The survey of pornography users was not random, but was broad enough to demonstrate that the common stereotypes are wrong: unsurprisingly, given that pornography users make up about a third of Australian adults, they are fairly representative of the broader population, with the major exception being that fewer than one in five of the respondents were women. (It is notable here that only 15% of women respondents read "pornographic novels", which suggests the exclusion from the survey of "erotic novels", sold in ordinary bookshops and not considered pornography. These would surely qualify as pornography under a functional definition, and including their readers might have levelled the sex balance.) Some excerpts from the responses to open-ended survey questions give a more personal perspective on the survey statistics.

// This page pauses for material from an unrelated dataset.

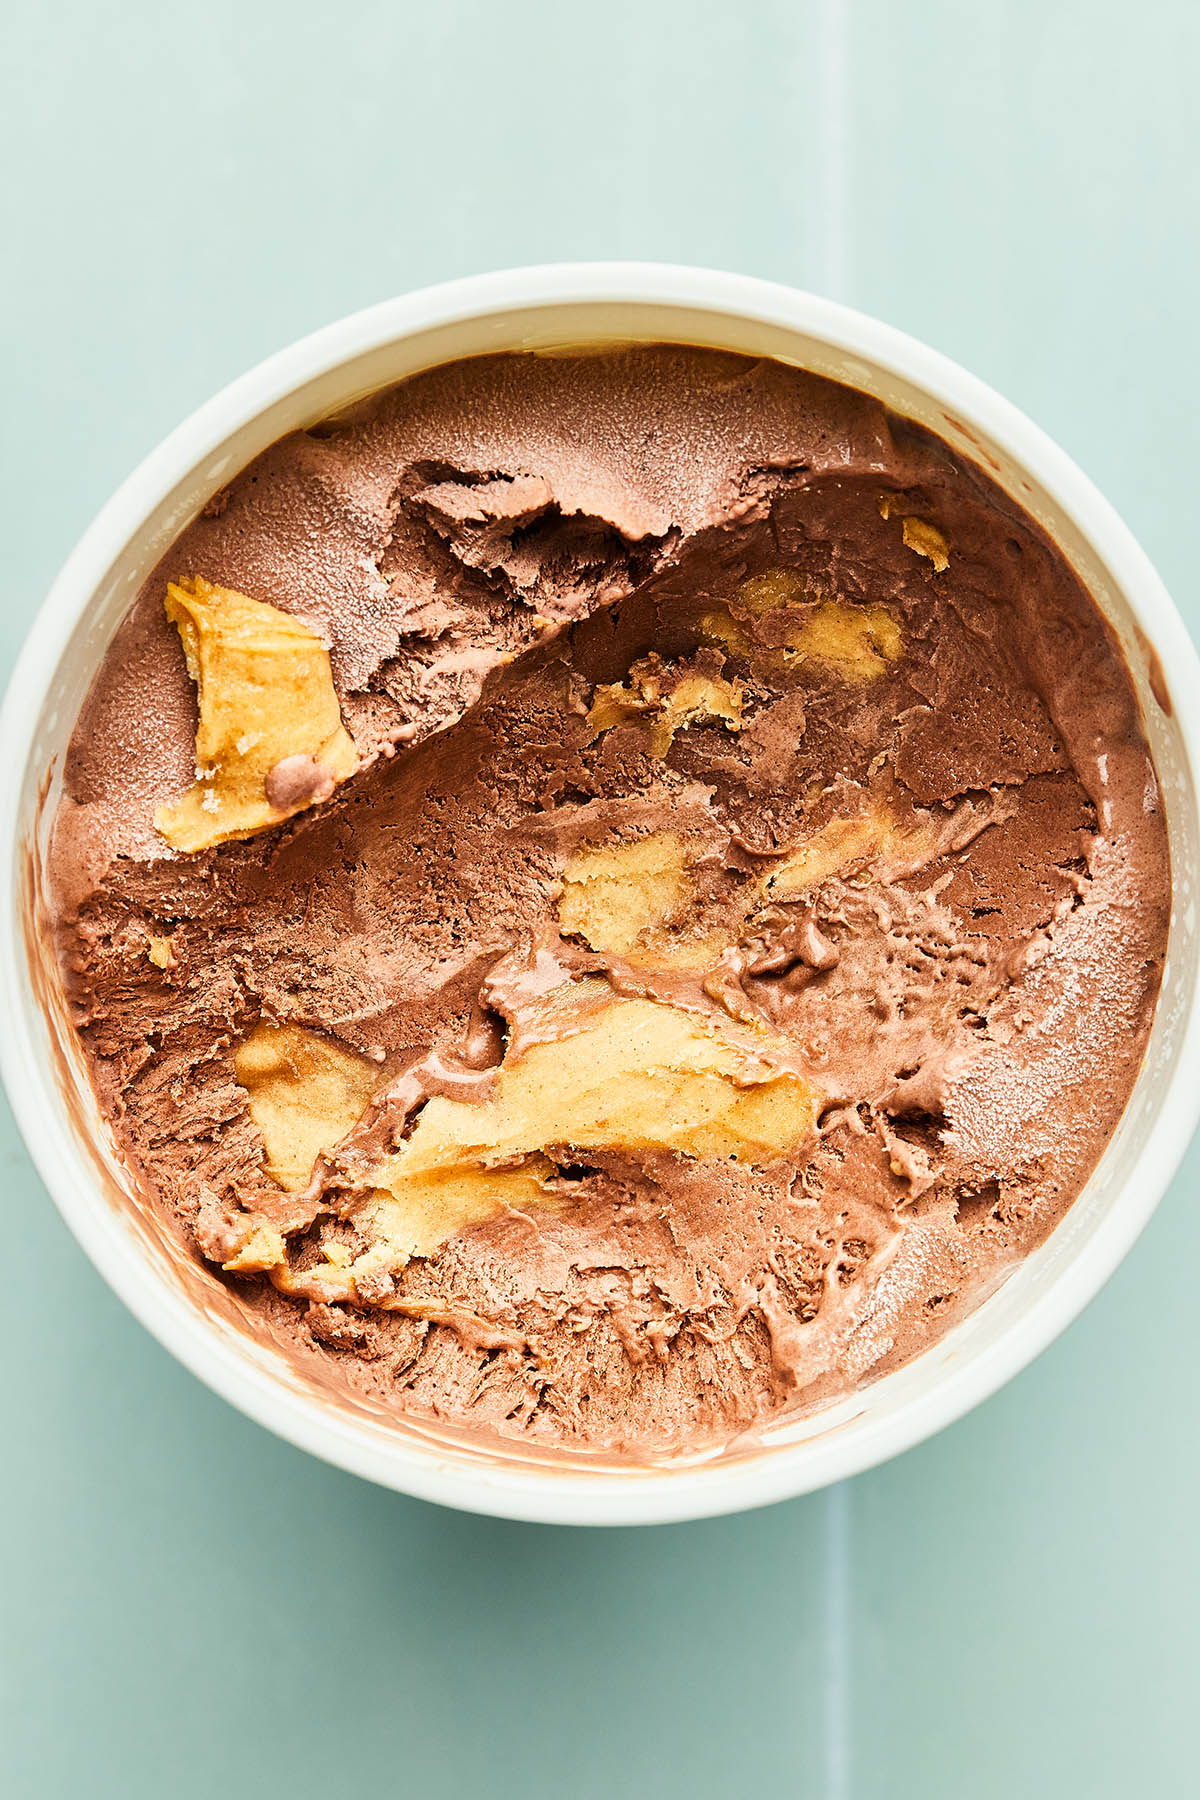 Chocolate peanut butter ice cream in a white bowl on a teal counter top.

Detailed analysis of the most popular Australian DVD titles shows that, even with broad definitions, fewer than 2% of scenes have any kind of violence. The total ban on violence in the Australian X-rated category seems to have worked. Another finding was that "pornography does not really objectify women more than men... On some measures, men are the more active sexual subjects... on others, it's the women." The Internet is a lot more diverse, but despite extensive efforts the authors managed to find not a single site with actual rape photographs, and only a handful of sites with faked ones.

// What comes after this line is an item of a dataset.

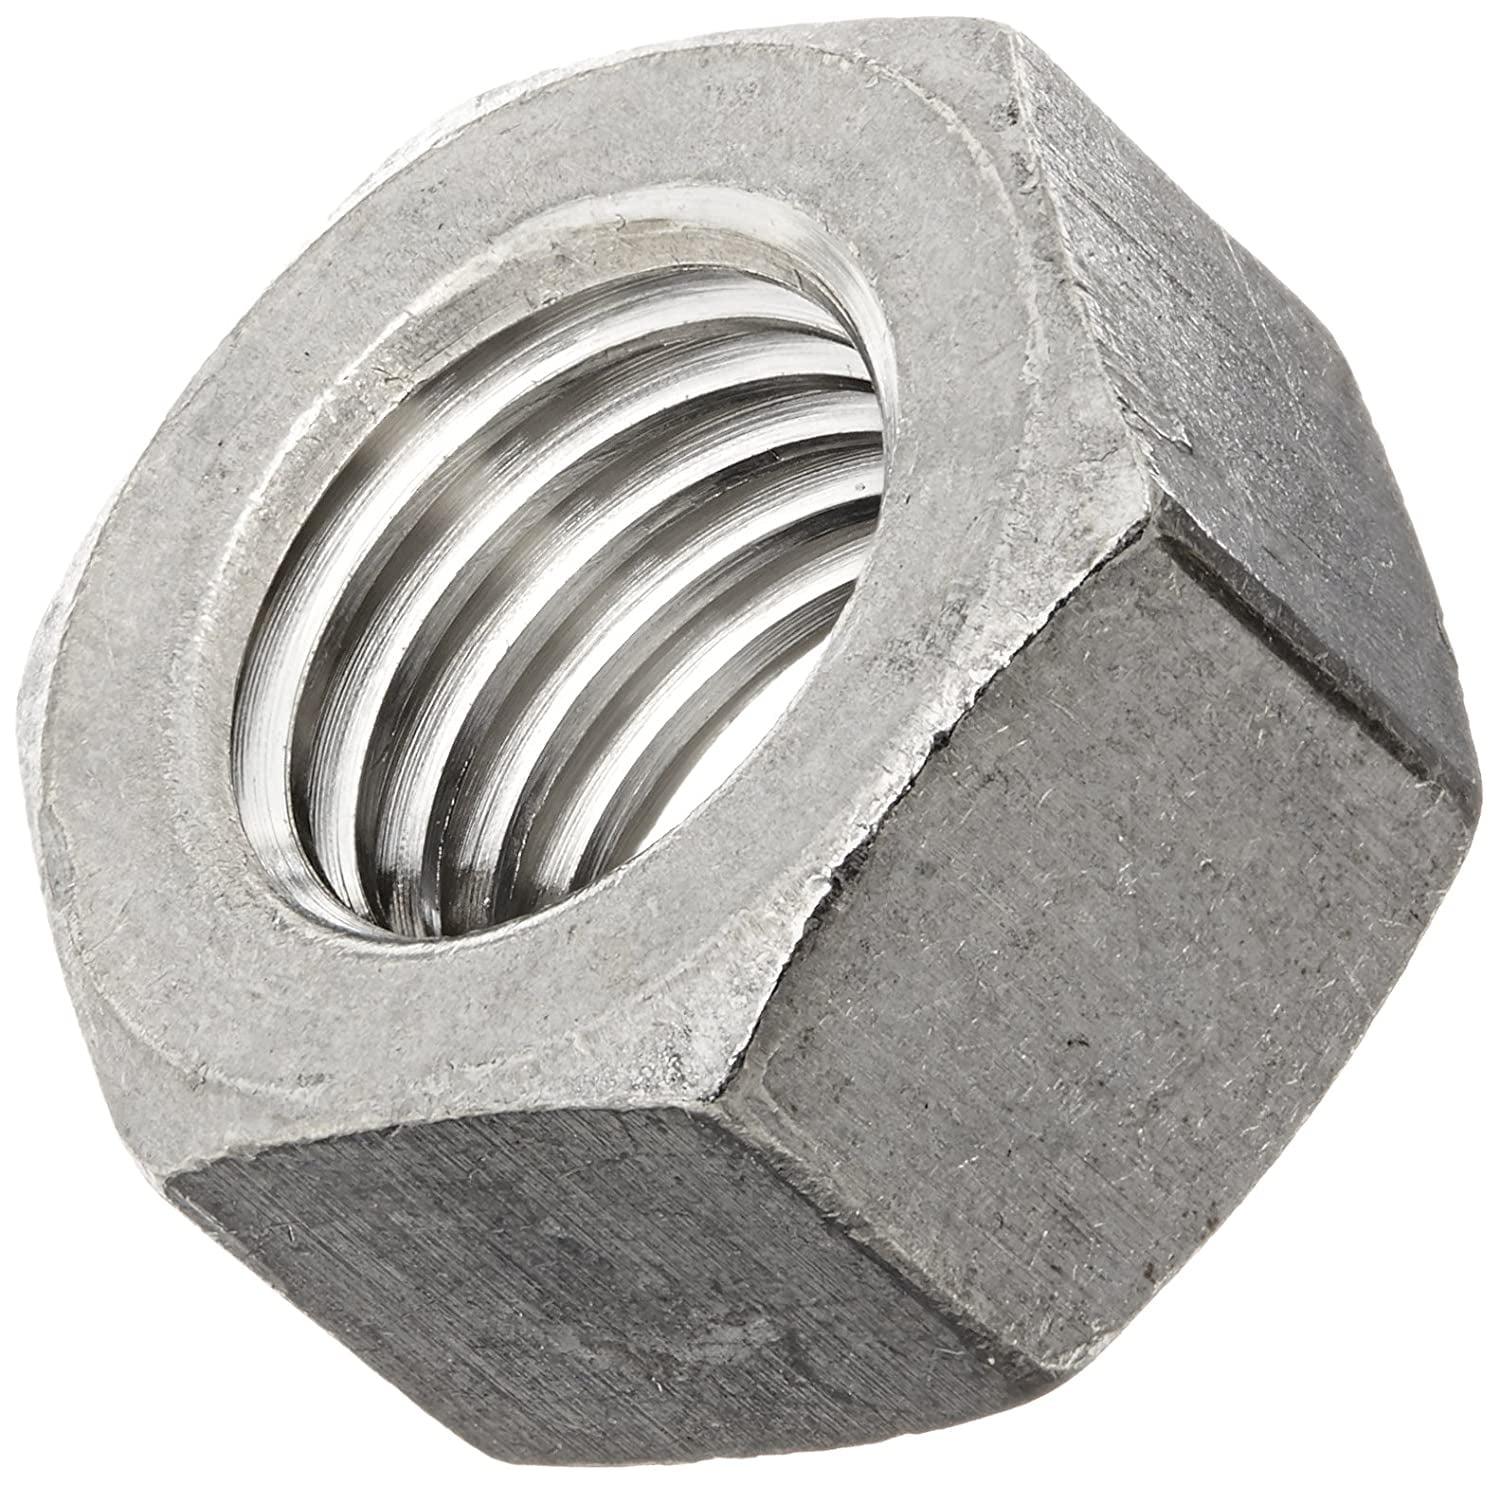 18-8 Stainless Steel Hex Jam Nut 1/2 Width Across Flats Plain Finish ASME B18.2.2 Pack of 100 3/16 Thick 5/16-24 Thread Size

There is no evidence that pornography causes harm to its users: the studies that suggest this have involved pushing pornography on non-users in artificial laboratory experiments. In contrast, there has been almost no attempts to study the beneficial effects of pornography, even though consumers overwhelmingly report positive effects: "Pornography has made them more relaxed and comfortable, more tolerant and open-minded. It has given them pleasure and improved their relationships."
Part two of The Porn Report addresses some key areas of debate, particularly in the production of pornography. It includes a history of feminist pornography, covering the United States and Australia and surveying the diversity of small amateur productions, disproportionately hindered by censorship. This progresses naturally to a look at the move towards DIY amateur porn, produced non-commercially or at a cottage industry level.
"Protecting the children" has been a rallying call for censorship for a long time. It turns out that actual child pornography — the police prefer to call it "child abuse material" — is extremely hard to find. And evidence-based education has to be central to protecting children from harm, whether from cyberstalking or contact with material they will find disturbing. The Porn Report concludes with an attempt to provide guidelines for ethical pornography: this focuses on health and safety issues and workers' rights in production, but also stresses the power consumers have to influence products.
The Porn Report is essential reading for anyone involved with debates over pornography and censorship in Australia, and would be useful for those in other countries. It is lively but not dramatised and, though it doesn't offer anything startlingly new, it pulls together information from a range of sources and provides some solid evidence to back up intuitions.